A recent study by the Boston College Center for Retirement Research found that 50% of American workers are not on track to save enough to retire without reducing their standard of living. A National Institute on Retirement Security study on the retirement preparedness of American workers showed that:
- 1/3 of Americans between the ages of 55 and 64 haven't saved anything for retirement.
- 38 million working-age households in the United States have yet to start saving for retirement.
- The average retirement savings for people 10 years away from retirement is $12,000.

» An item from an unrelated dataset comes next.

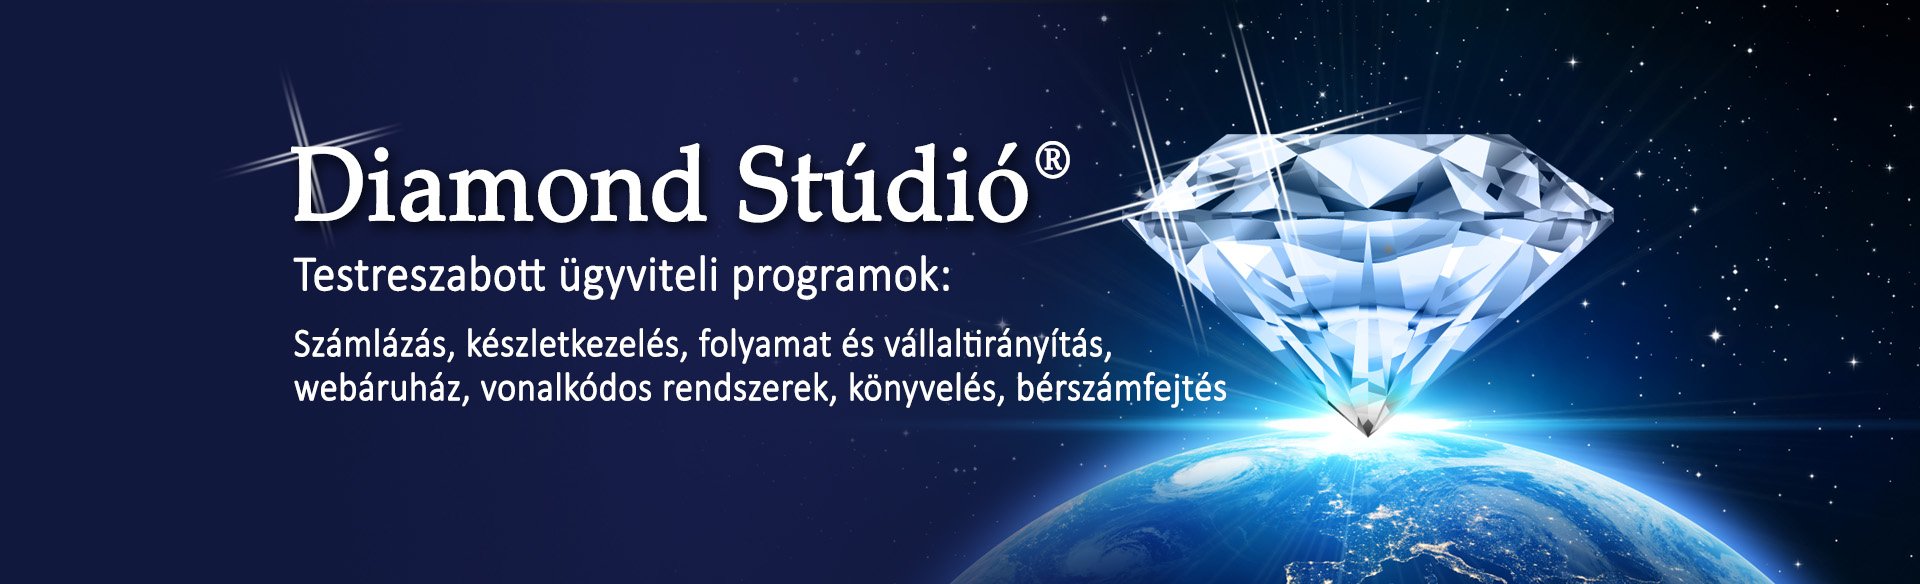 Diamond studio Személyreszabott ügyviteli programok
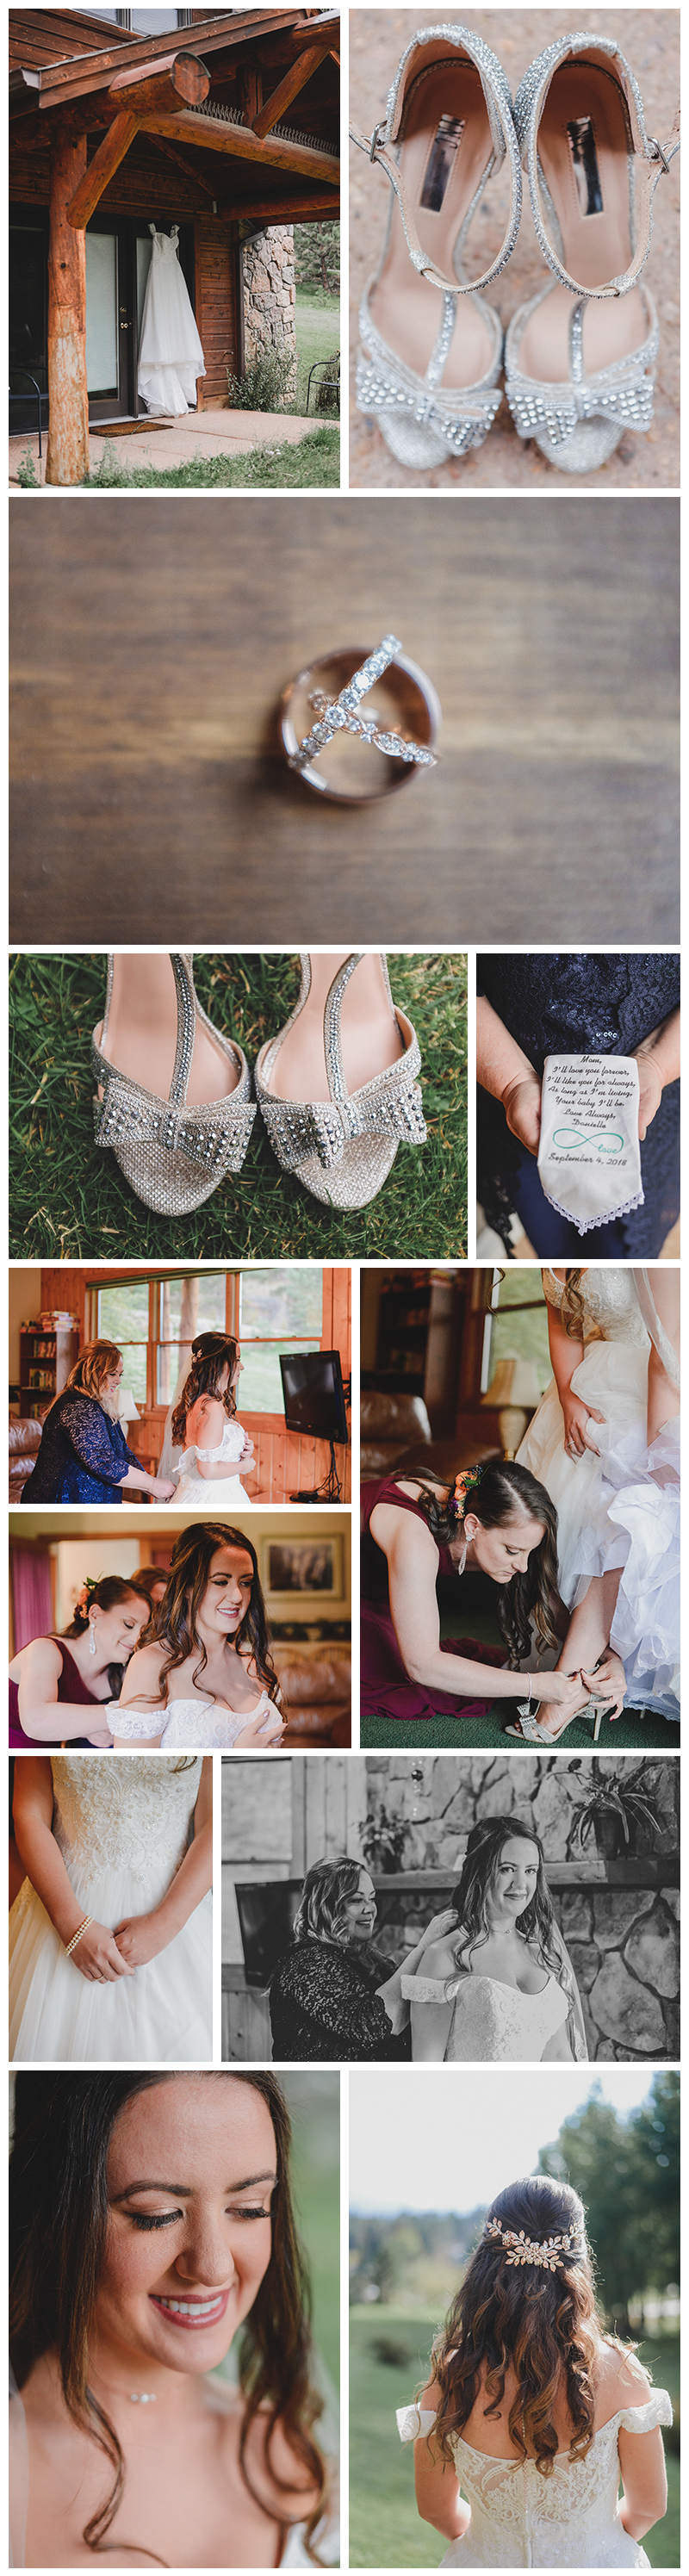 Estes Park Wedding Photography - Black Cayon Inn Wedding Photography - Twin Owls Steakhouse Wedding Photography - Rocky Mountain Wedding Photography

Many studies, including a recent study by Vanguard, indicate that workers should save at least 12% to 15% of their income each year. It is likely that most of your 401(k) plan participants are not saving anything near this amount. Following are four ideas on how you can encourage your 401(k) plan participants to save more:
1. Make a budget. Almost anyone can save more and spend less by making a budget. Most participants I talk with have never created a household budget. When I ask them what they spend their money on, many say it just goes. If I ask them to be more specific, generally it is hard for them to share how they spend their money. Like most Americans, they live paycheck-to-paycheck. Many people are not financially confident or competent and the addition of a little structure, via a budget, can make a big difference in their lives.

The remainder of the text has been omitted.